Every line from the top of the records through the one bearing "IGET BAR MANGO ICE 3500 PUFFS" is to be reproduced exactly, and pictures are to be left out.

»»

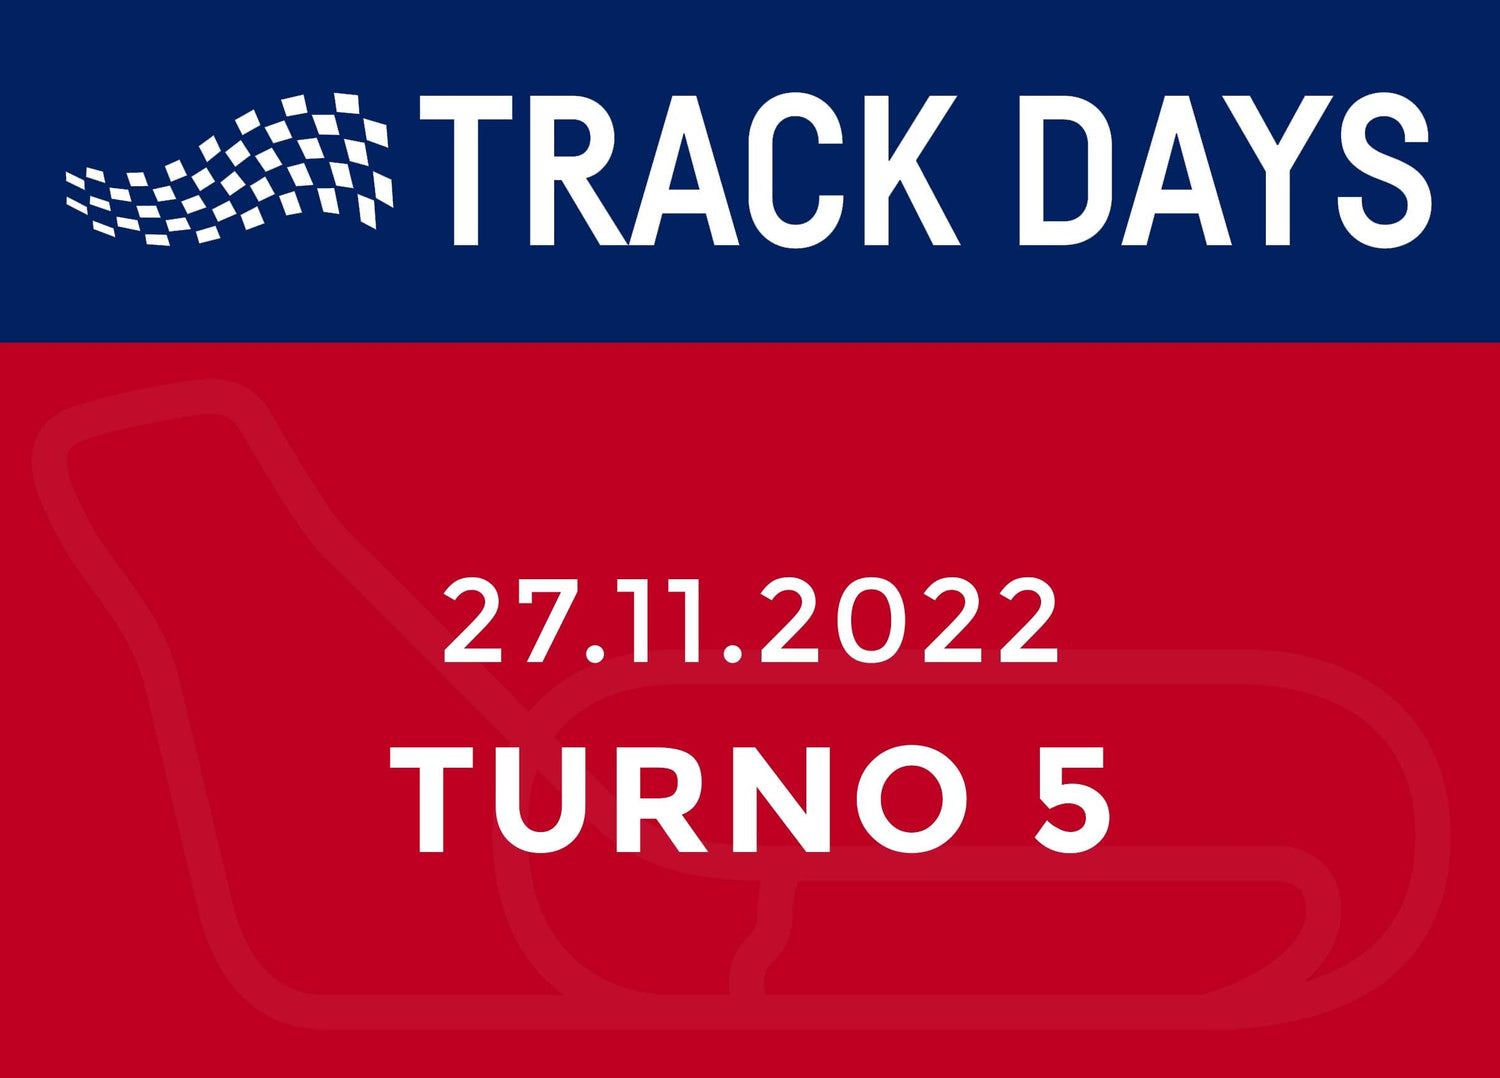 TRACK DAYS 27.11.22 TURNO 5
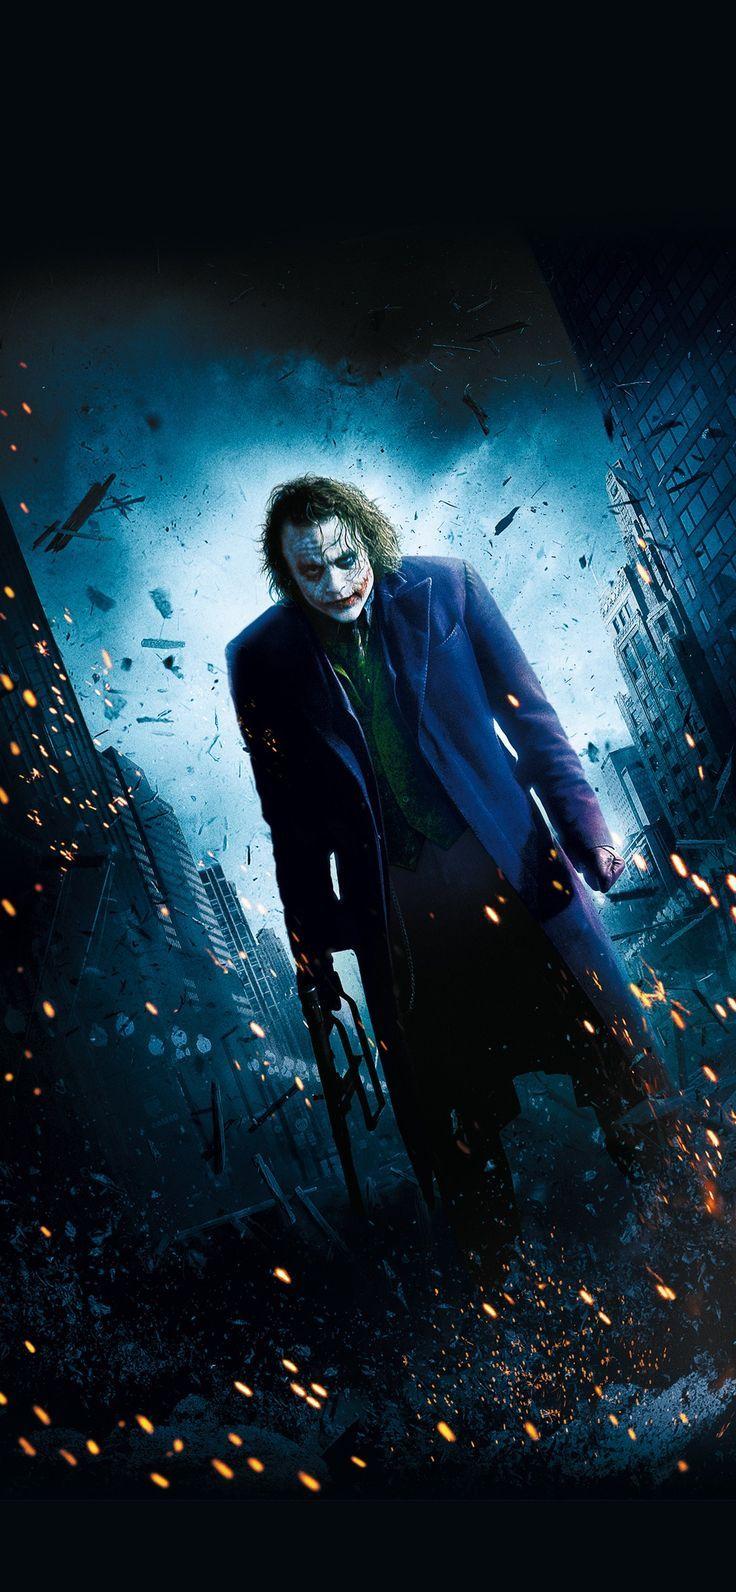 Joker Wallpaper For iPhone Igeeks Heath Ledger
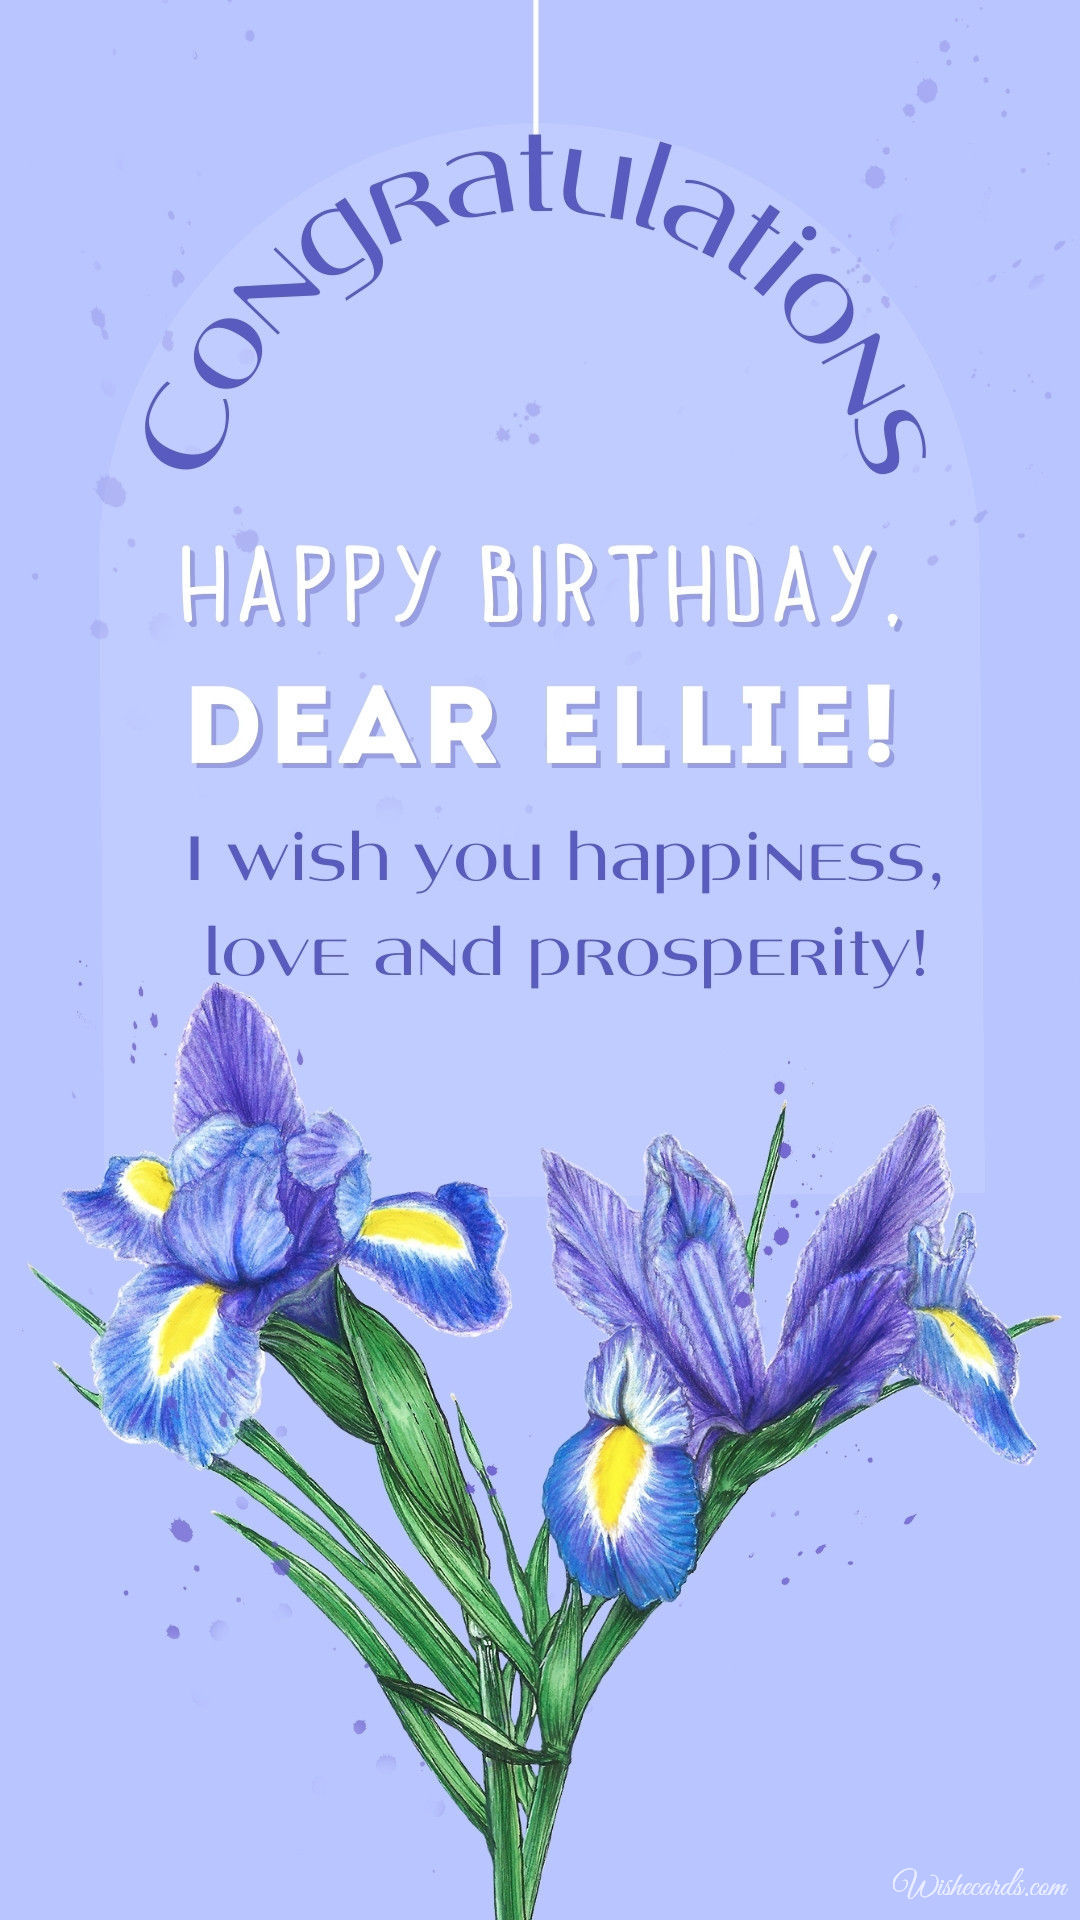 Happy Birthday Ellie Image
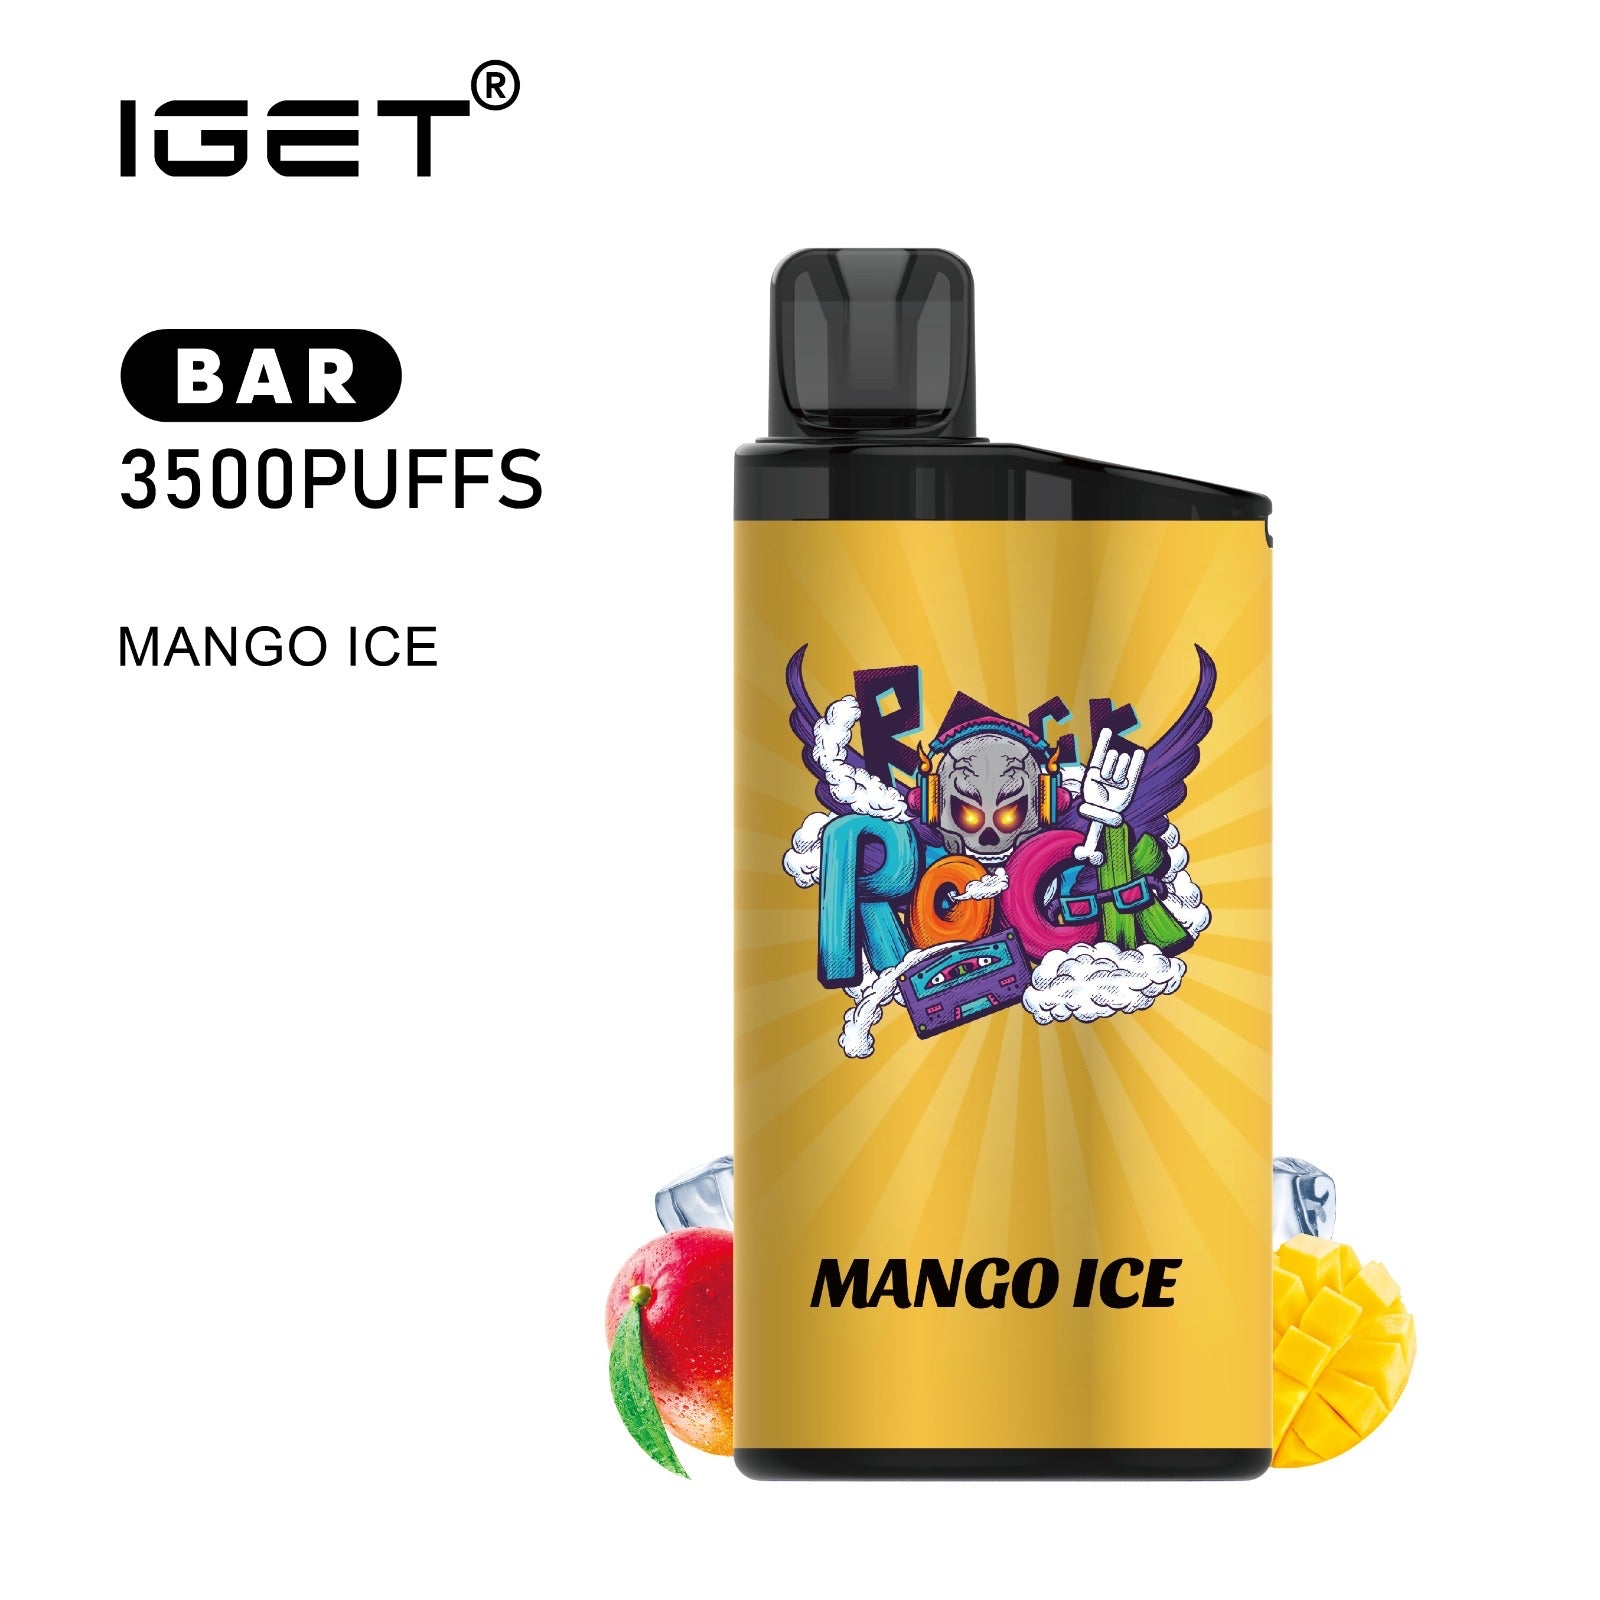 IGET BAR MANGO ICE 3500 PUFFS
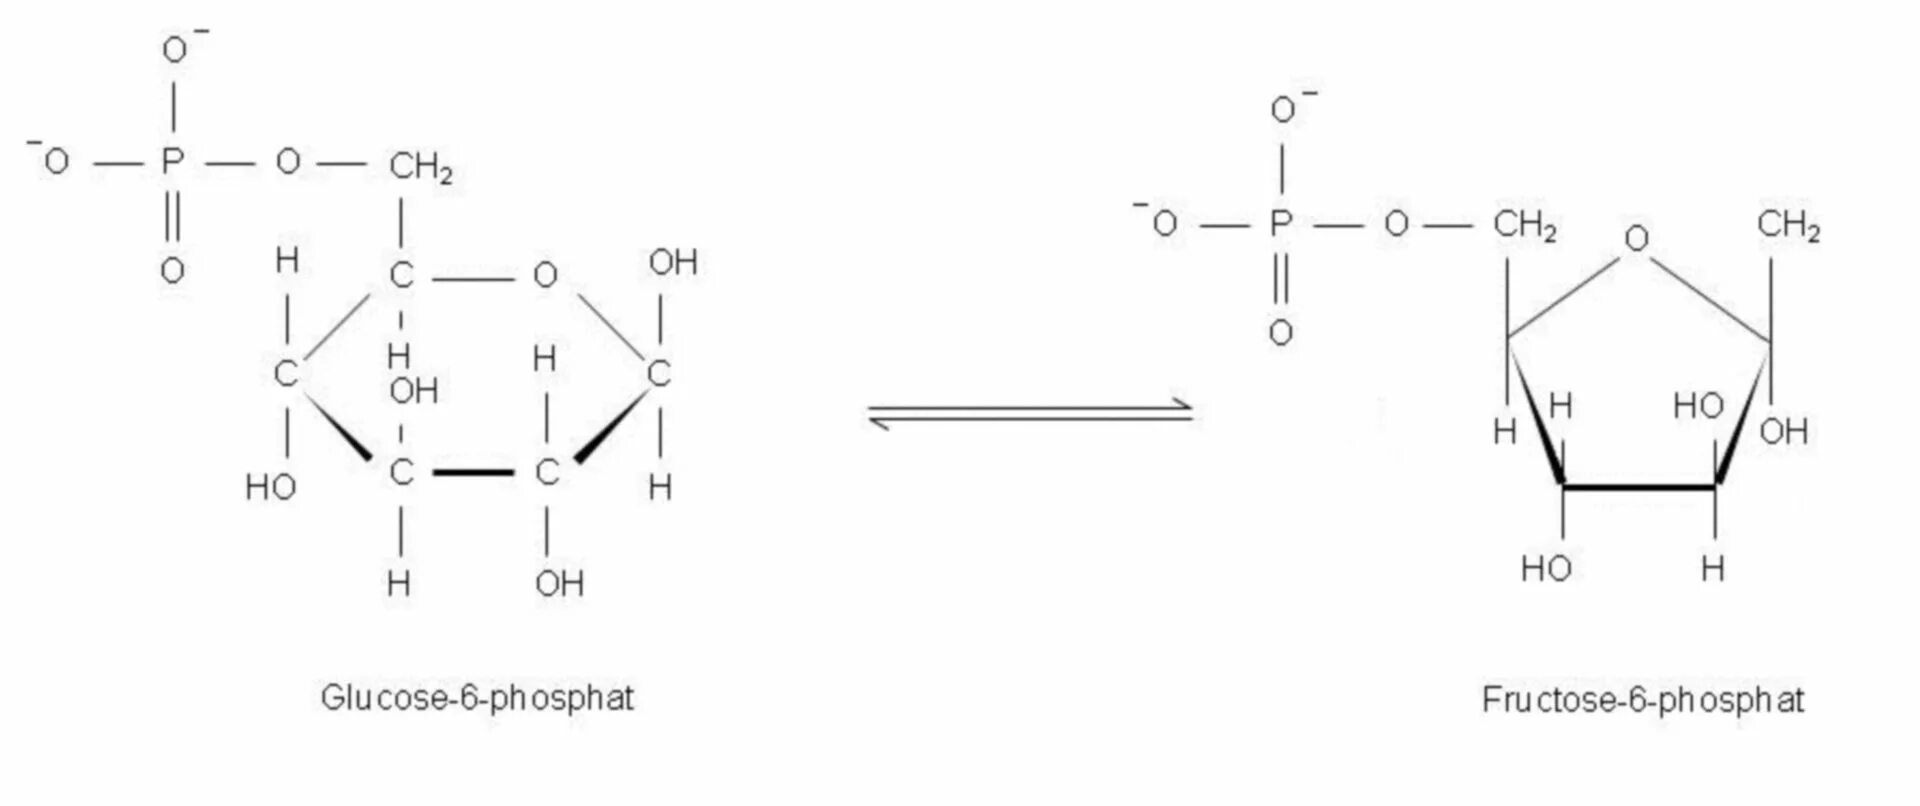 Fructose-6-phosphate. Glucose 6-phosphate to glucose. Fructose-1-phosphate формула. Trixylyl phosphate. Фруктоза селиванова

««

• **Result of this exercise**:
 TRACK DAYS 27.11.22 TURNO 5
 Joker Wallpaper For iPhone Igeeks Heath Ledger
 Happy Birthday Ellie Image
 IGET BAR MANGO ICE 3500 PUFFS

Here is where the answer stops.